## [Provided data]
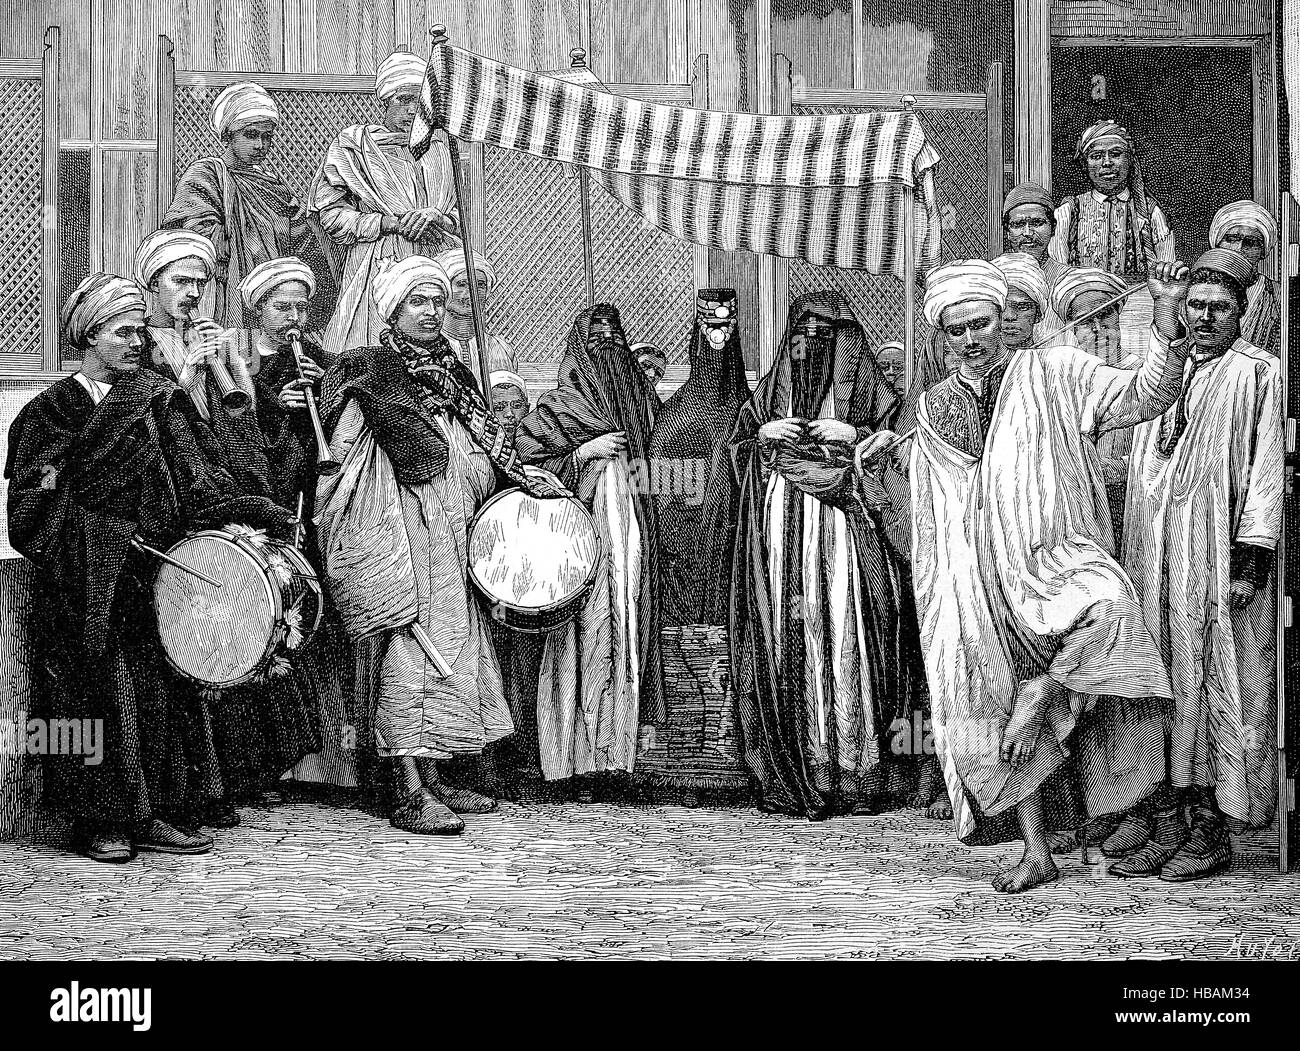 Célébration de mariage au Caire, Égypte, hictorical illustration de 1880 Banque D'Images
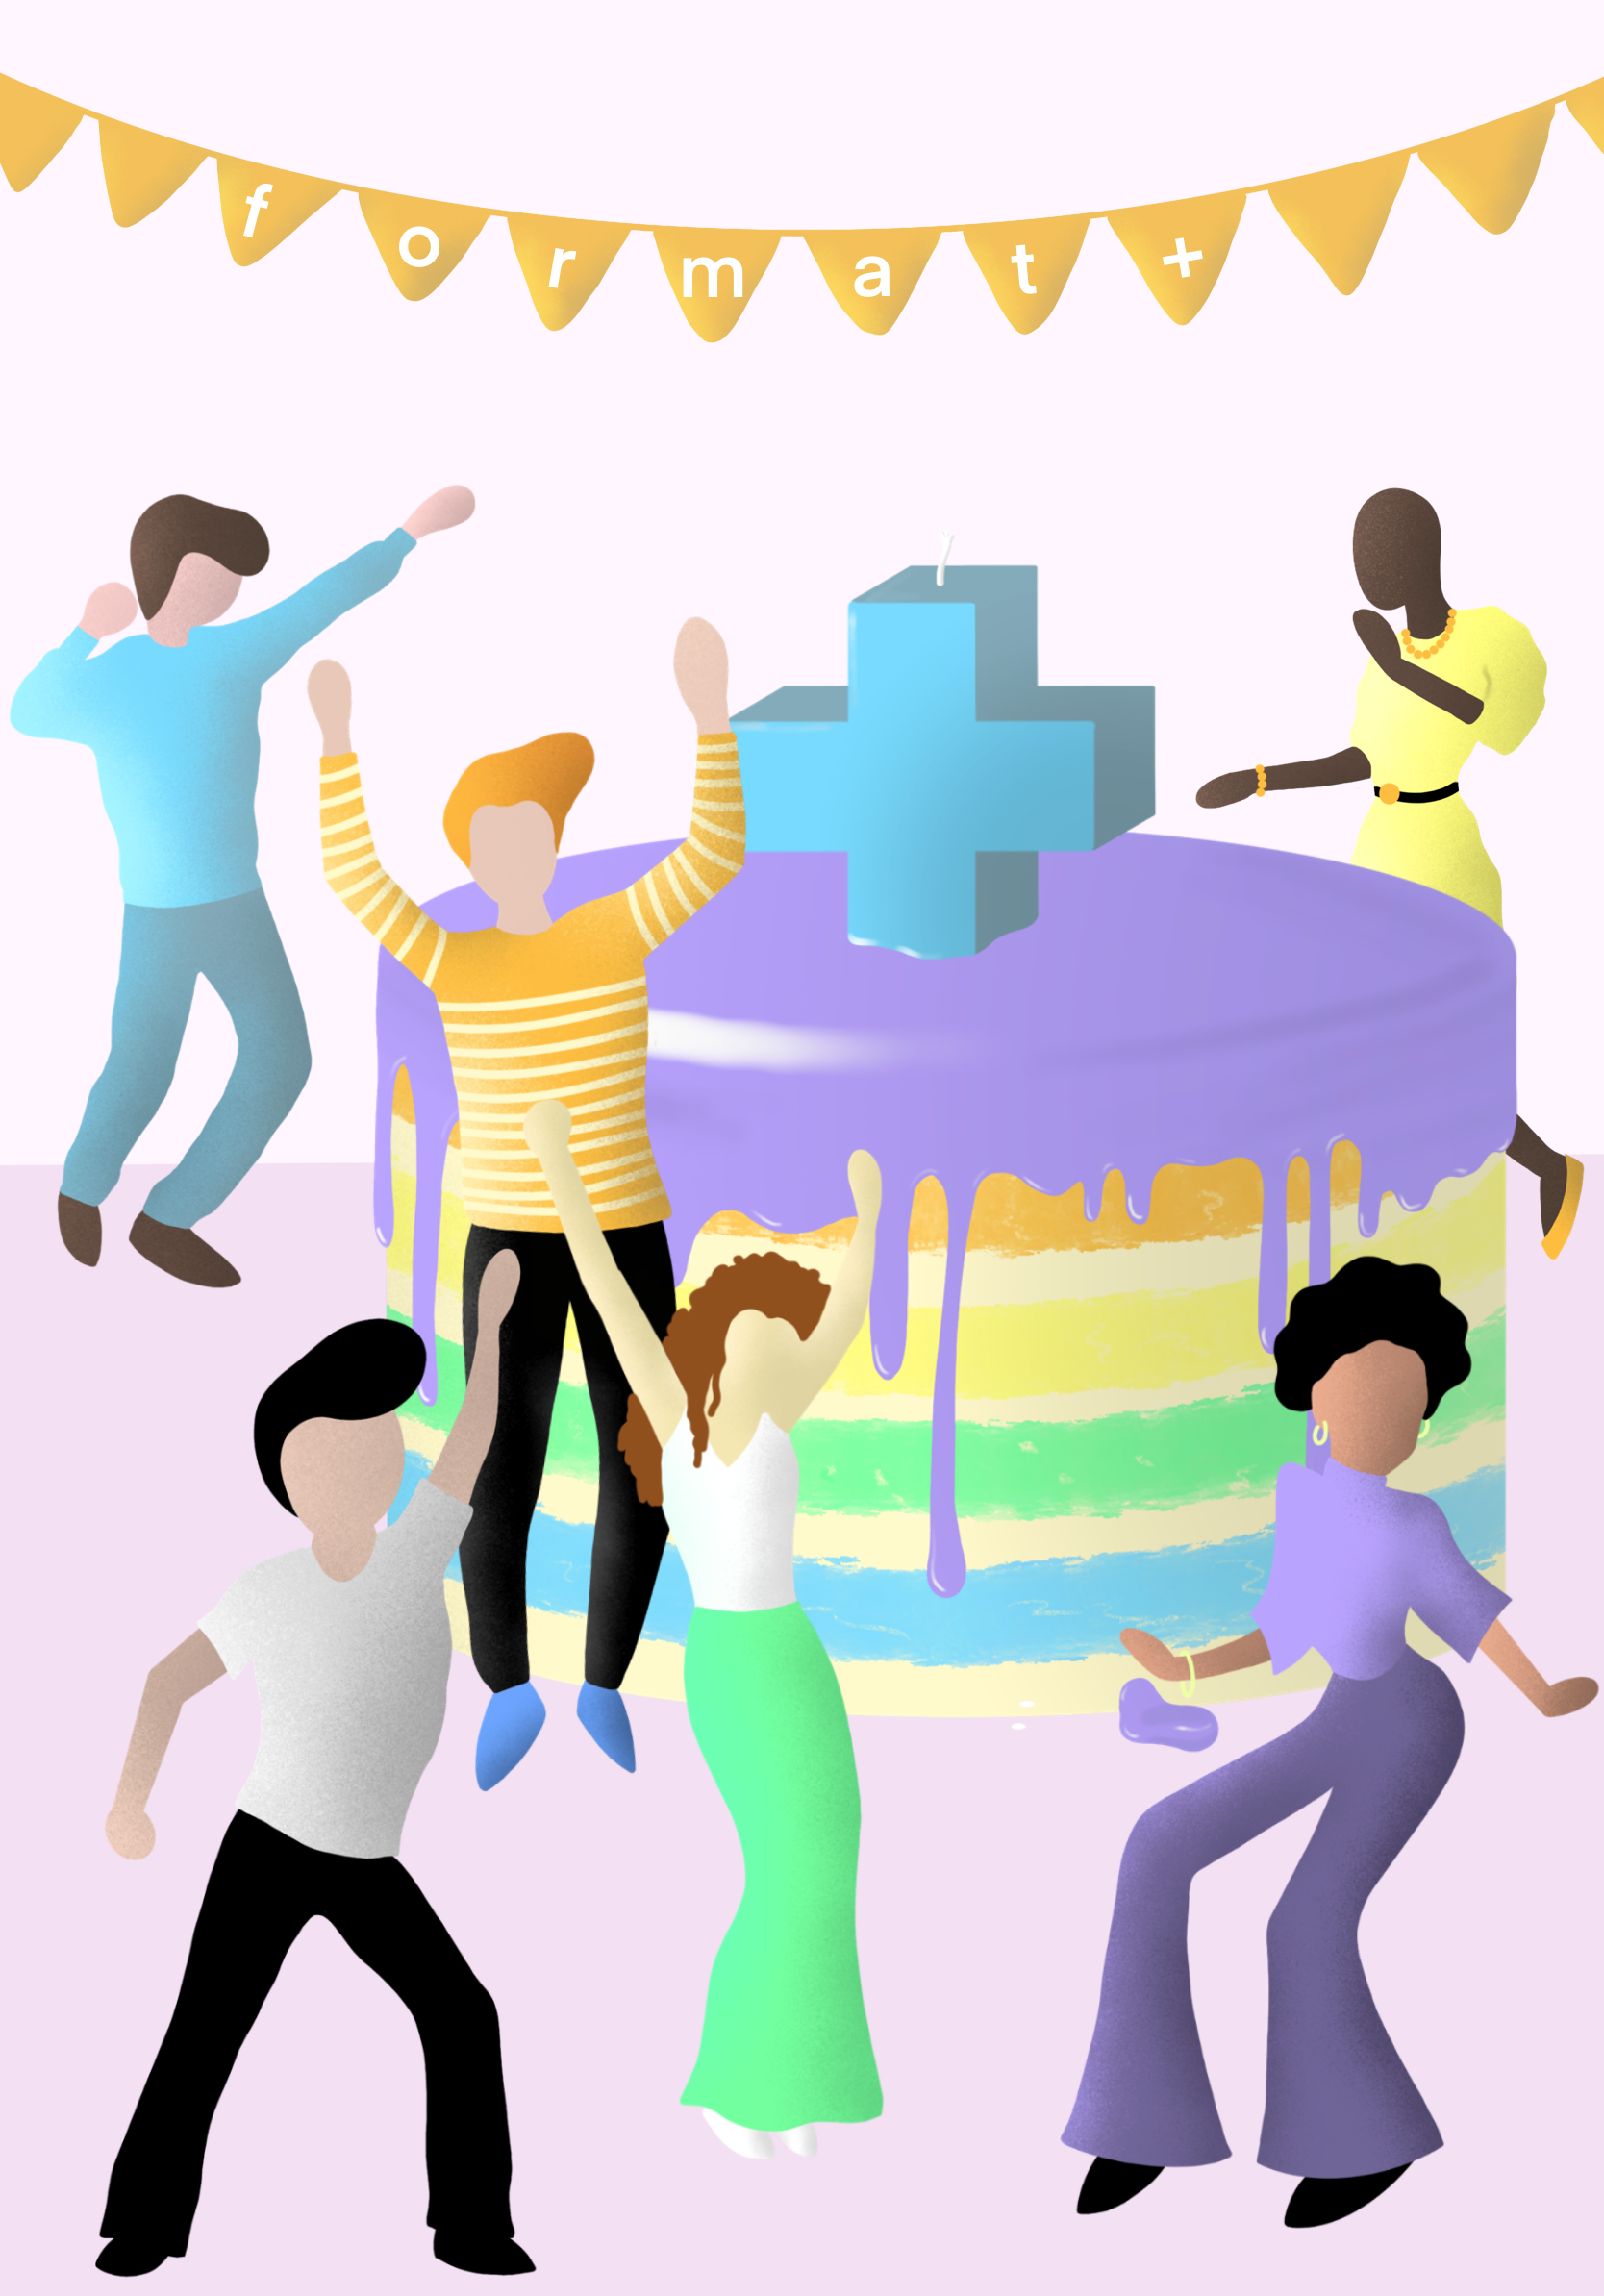 Illustrierte Menschen tanzen um großen Kuchen herum.
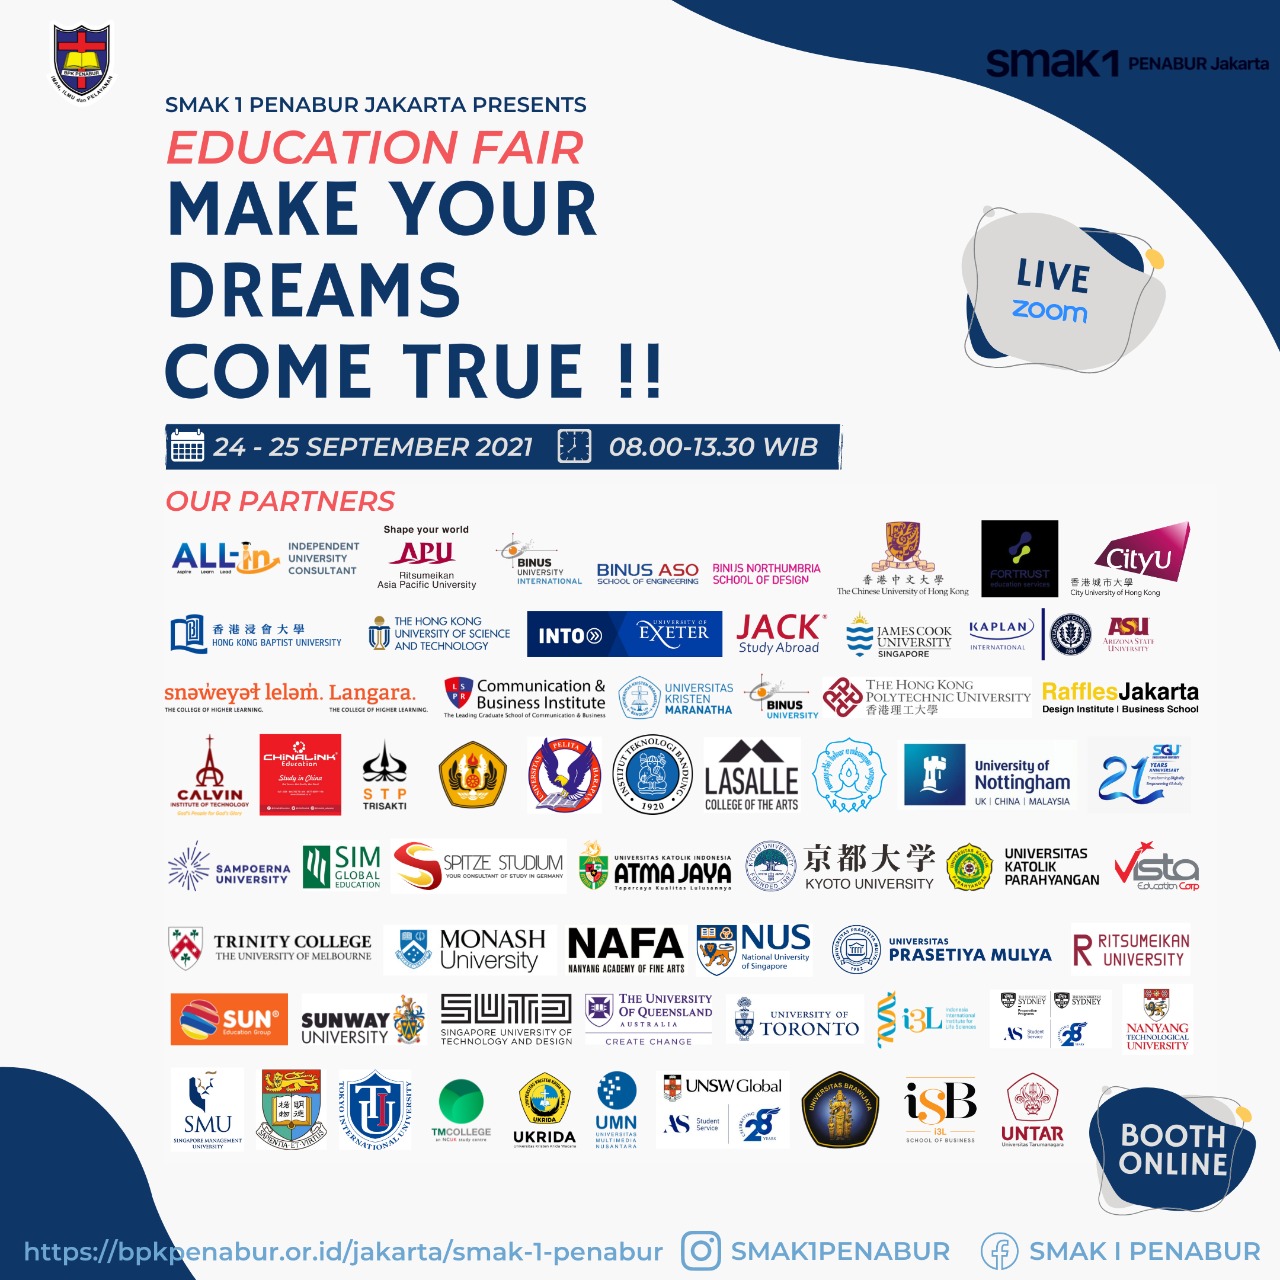 SMA KRISTEN 1 PENABUR JAKARTA - GUIDE TO CAMPUS 2021 "Make your dreams come true"
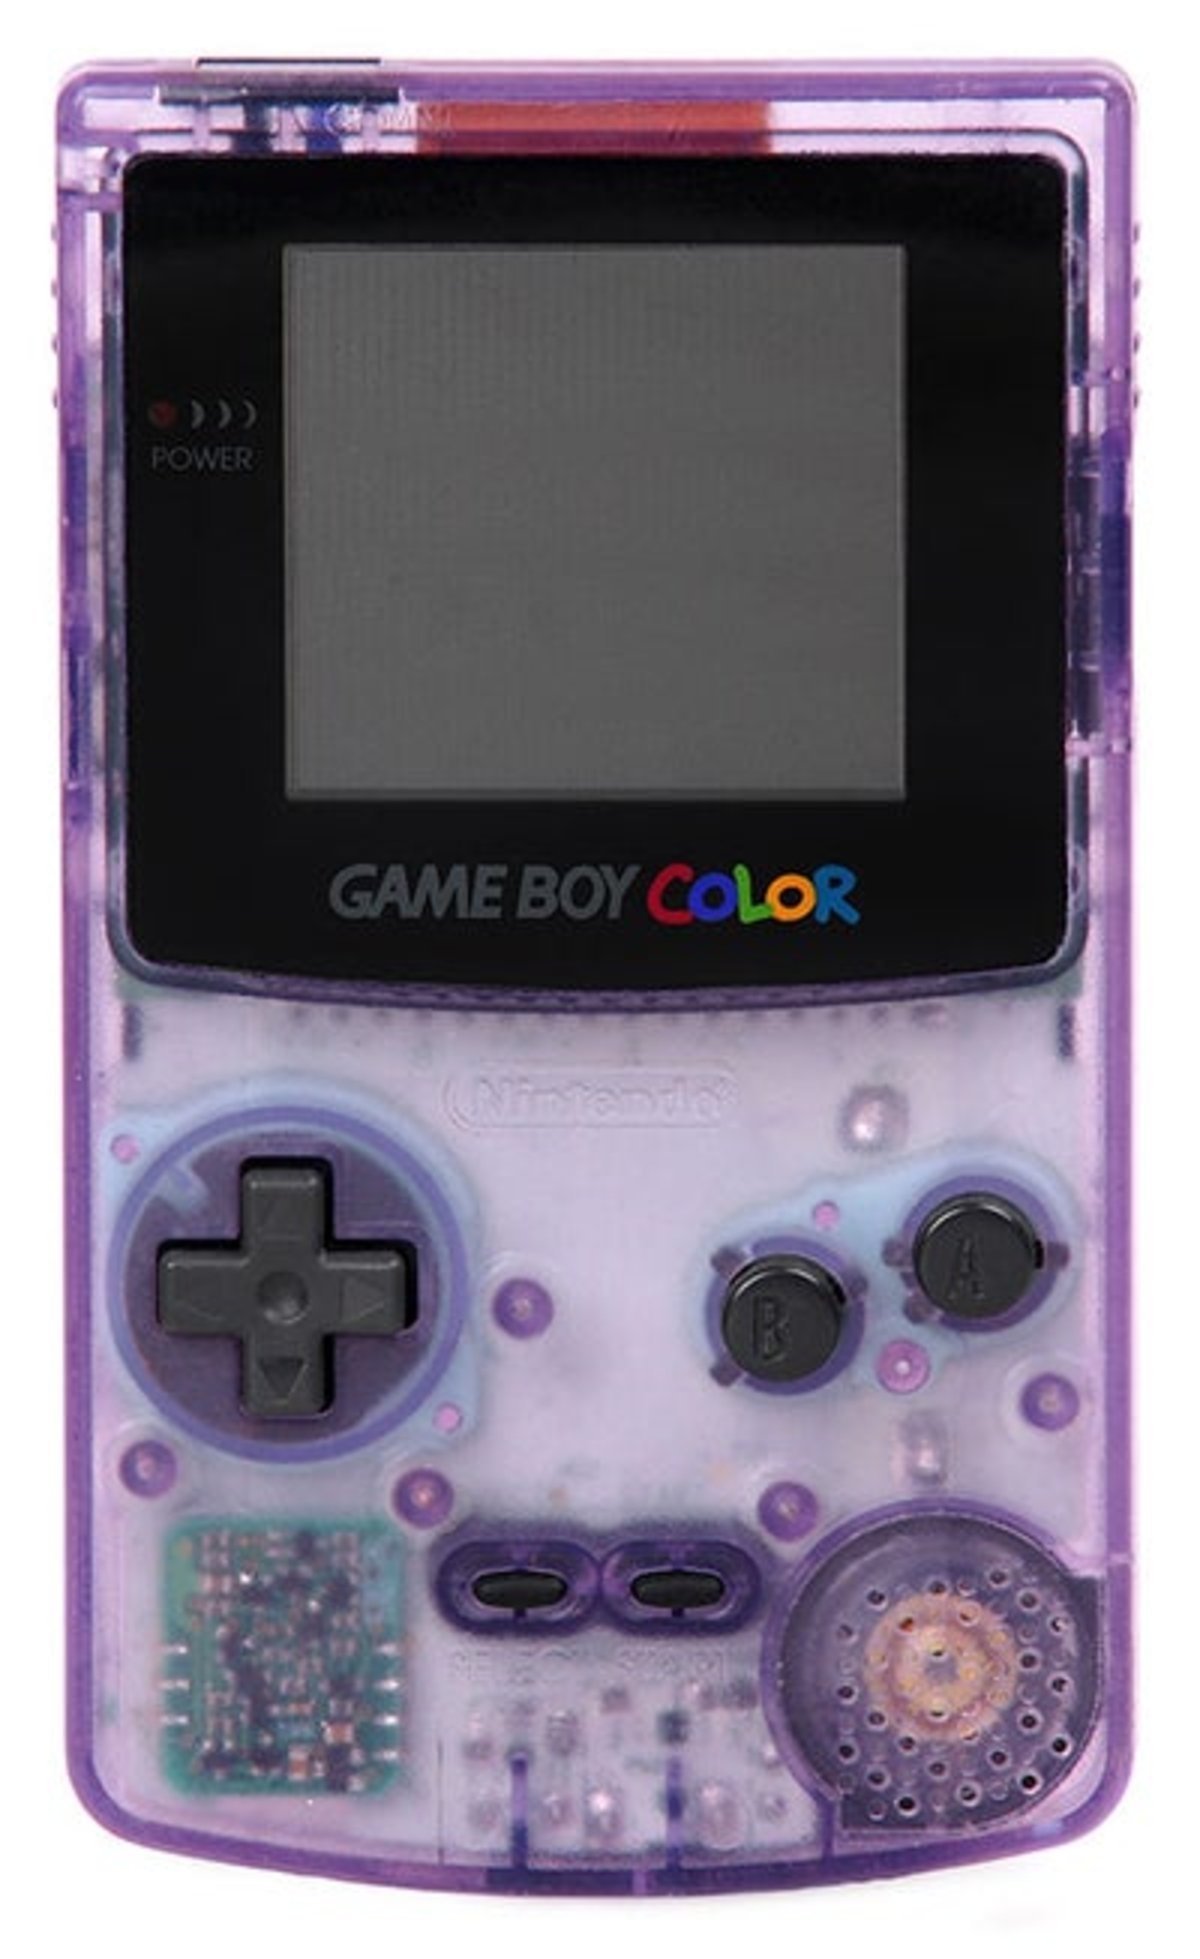 Primer plano de uno de los modelos de Game Boy Color

## [What the exercise asks]
Restate word for word the lines starting at the one that contains "SMA KRISTEN 1" and ending at the last line of the data. Skip every picture.

## [Answer box]
 SMA KRISTEN 1 PENABUR JAKARTA - GUIDE TO CAMPUS 2021 "Make your dreams come true"
 Primer plano de uno de los modelos de Game Boy Color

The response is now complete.